What is being asked
With the pictures removed, write out the full listing below exactly.

Provided material
+ + +

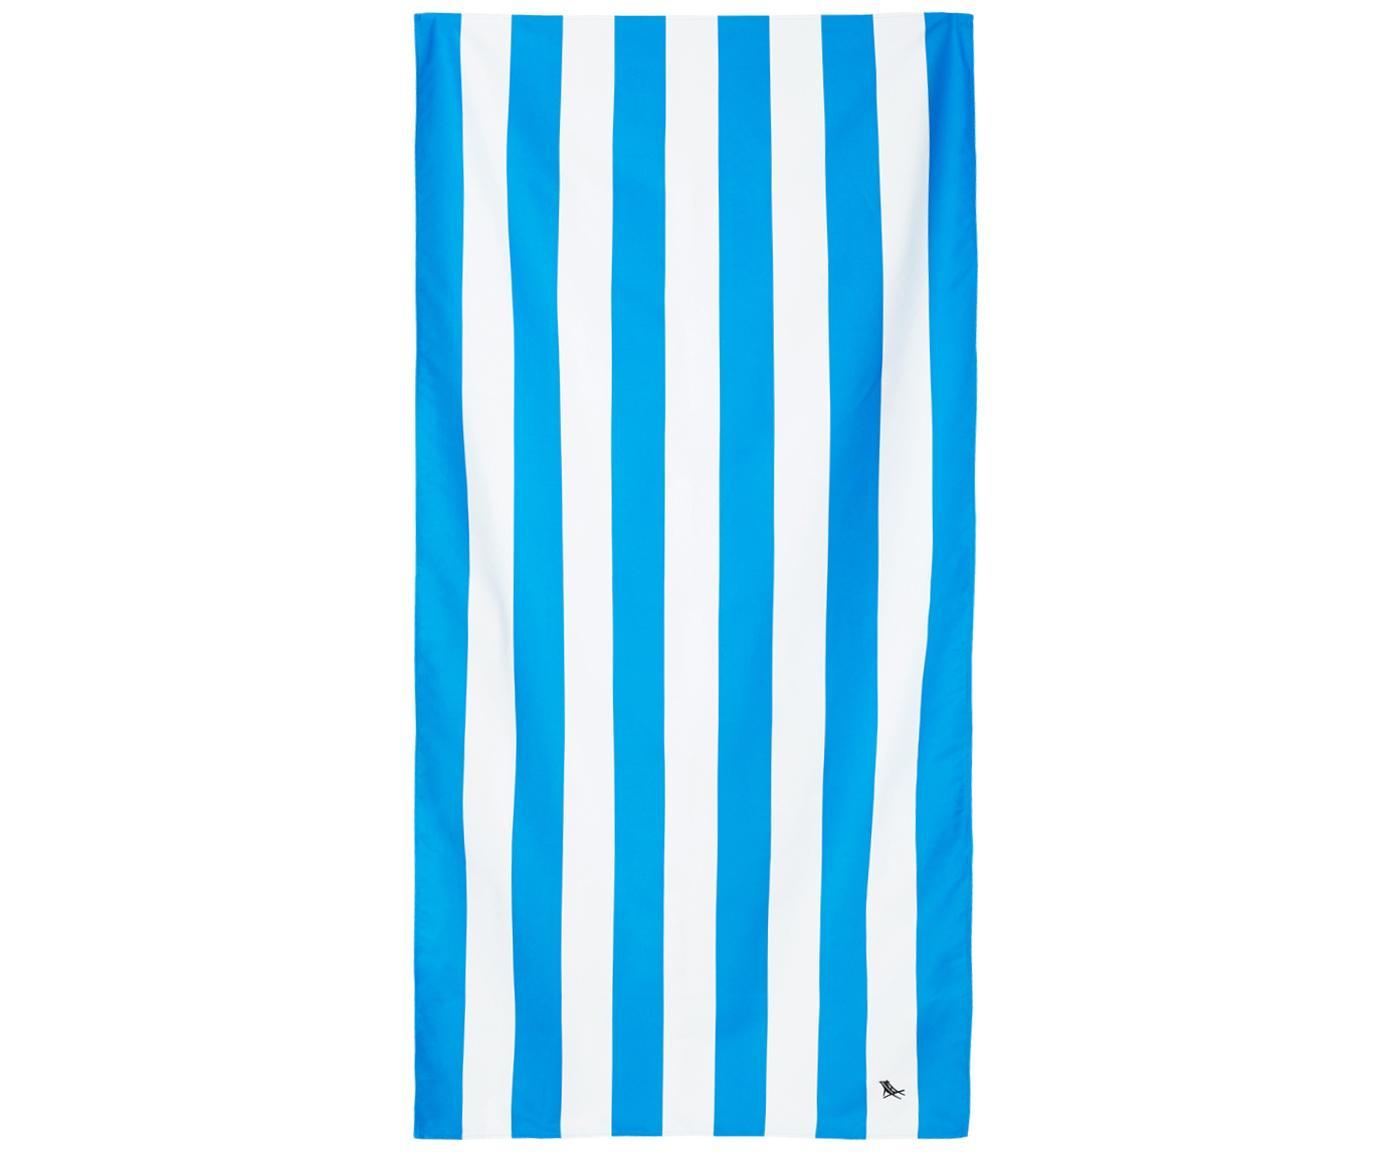 Microfaser-Strandtuch Cabana, schnell trocknend, Microfaser (80% Polyester, 20% Polyamid), Blau, Weiß, 90 x 200 cm
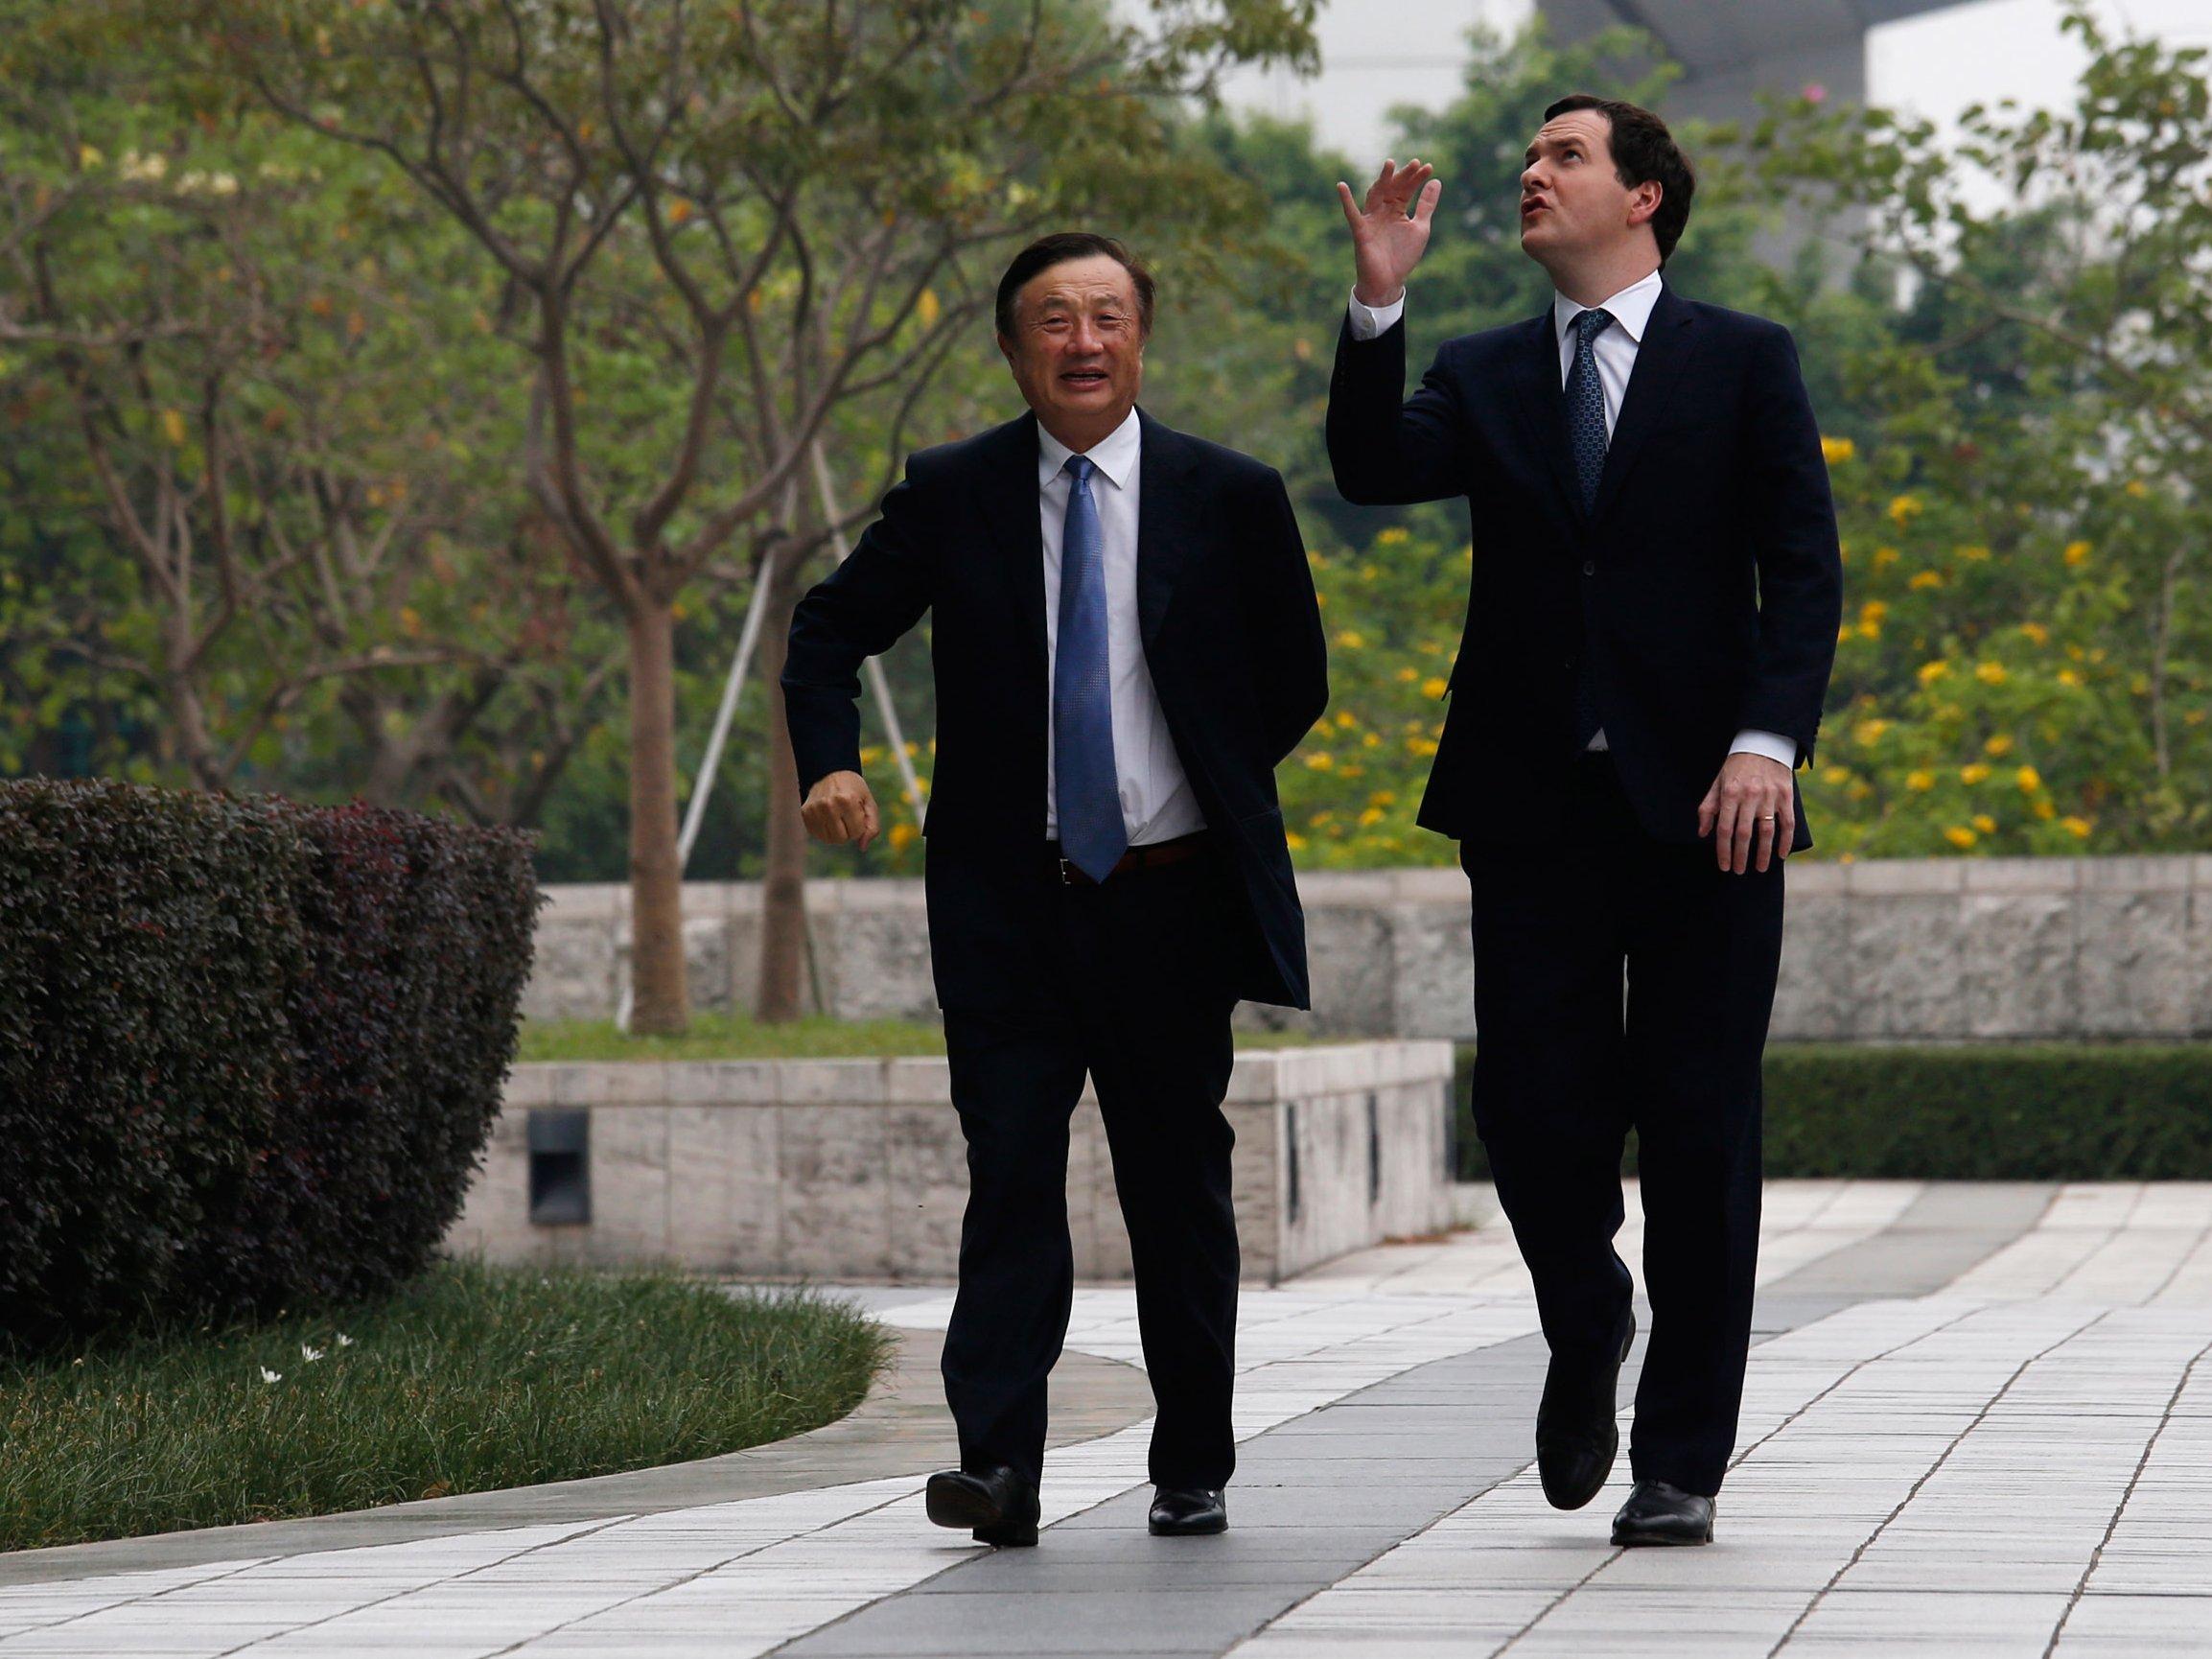 شرکت چینی هواوی به دلیل کاهش سوددهی در بخش موبایل و از دست دادن فروش بازار کشور چین دچار کاهش حاشیه سود شده است که احتمال میرود دست به تعدیل نیرو بزند.
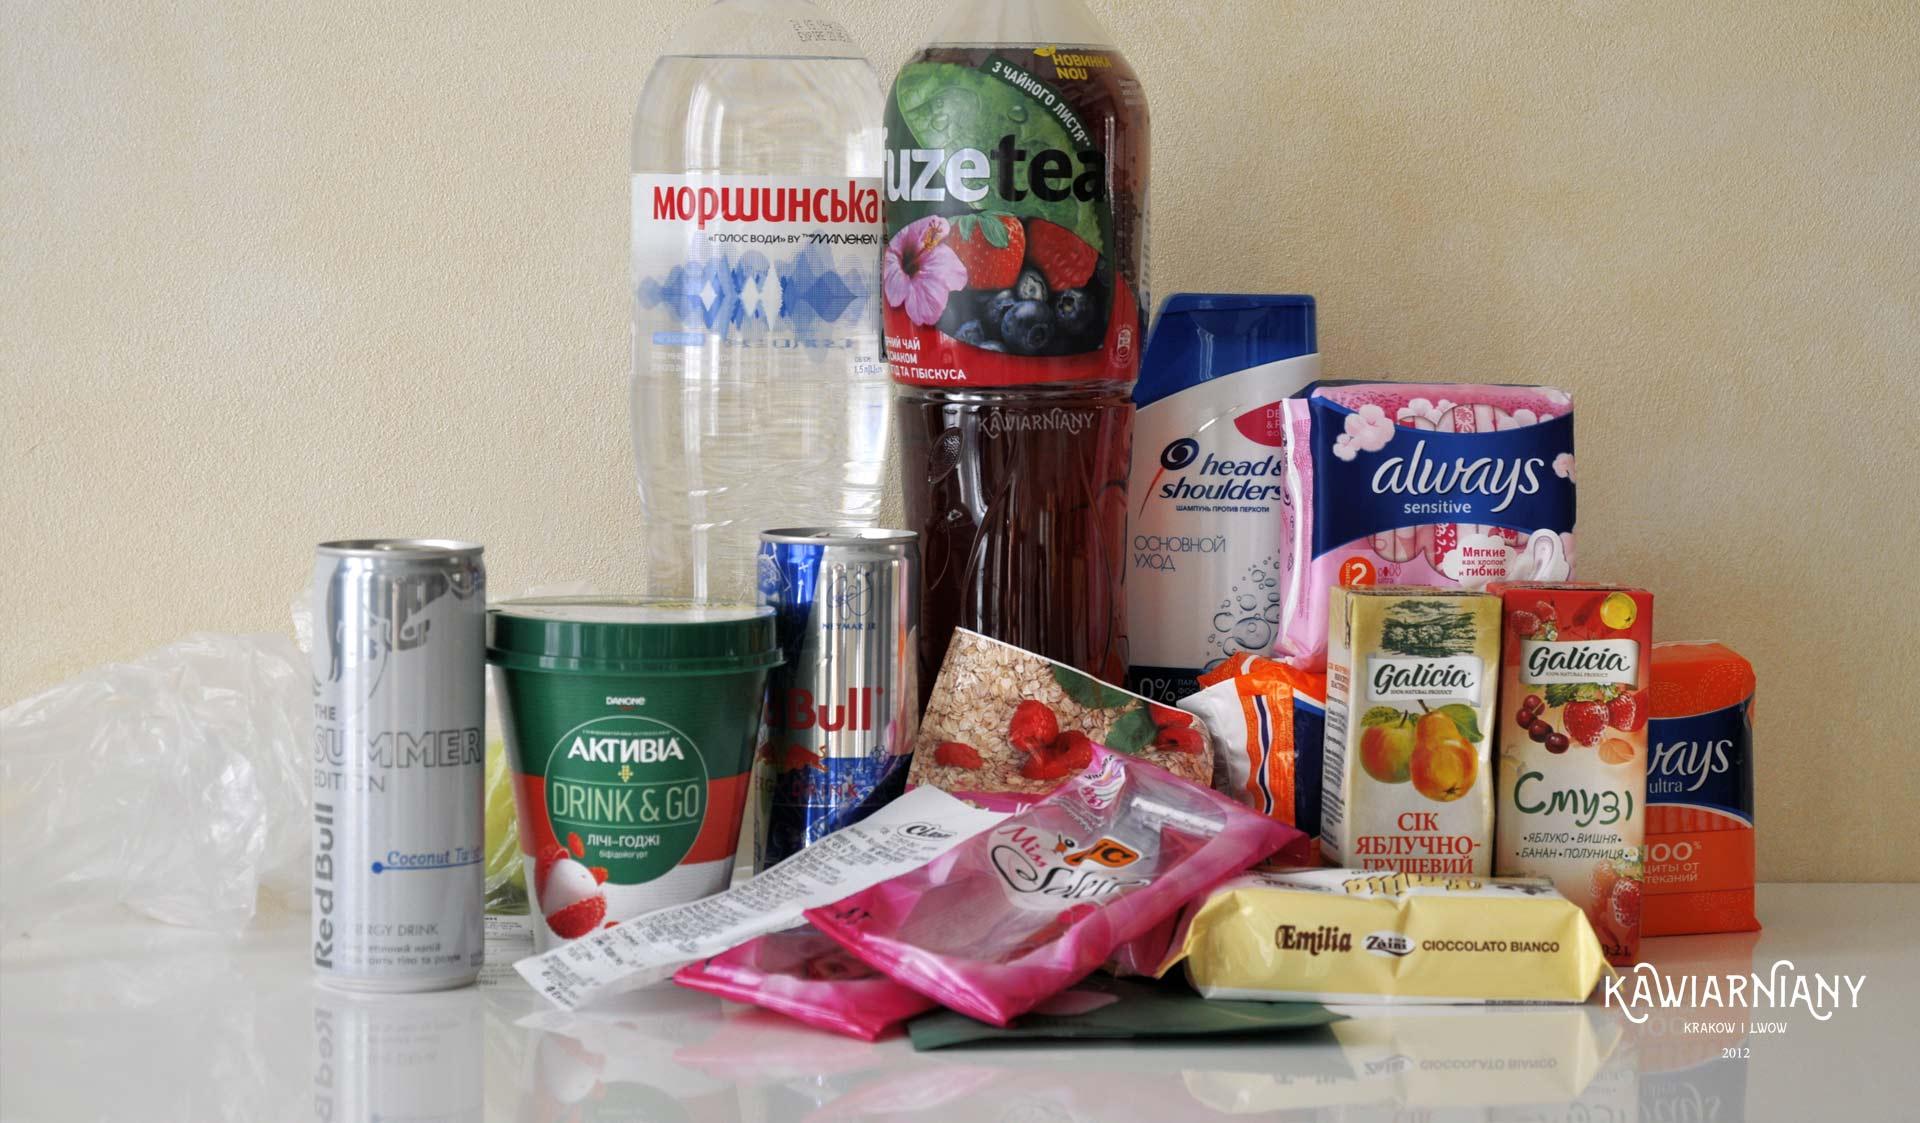 Zakupy na Ukrainie

+ + +

Response to the task
 Microfaser-Strandtuch Cabana, schnell trocknend, Microfaser (80% Polyester, 20% Polyamid), Blau, Weiß, 90 x 200 cm
 شرکت چینی هواوی به دلیل کاهش سوددهی در بخش موبایل و از دست دادن فروش بازار کشور چین دچار کاهش حاشیه سود شده است که احتمال میرود دست به تعدیل نیرو بزند.
 Zakupy na Ukrainie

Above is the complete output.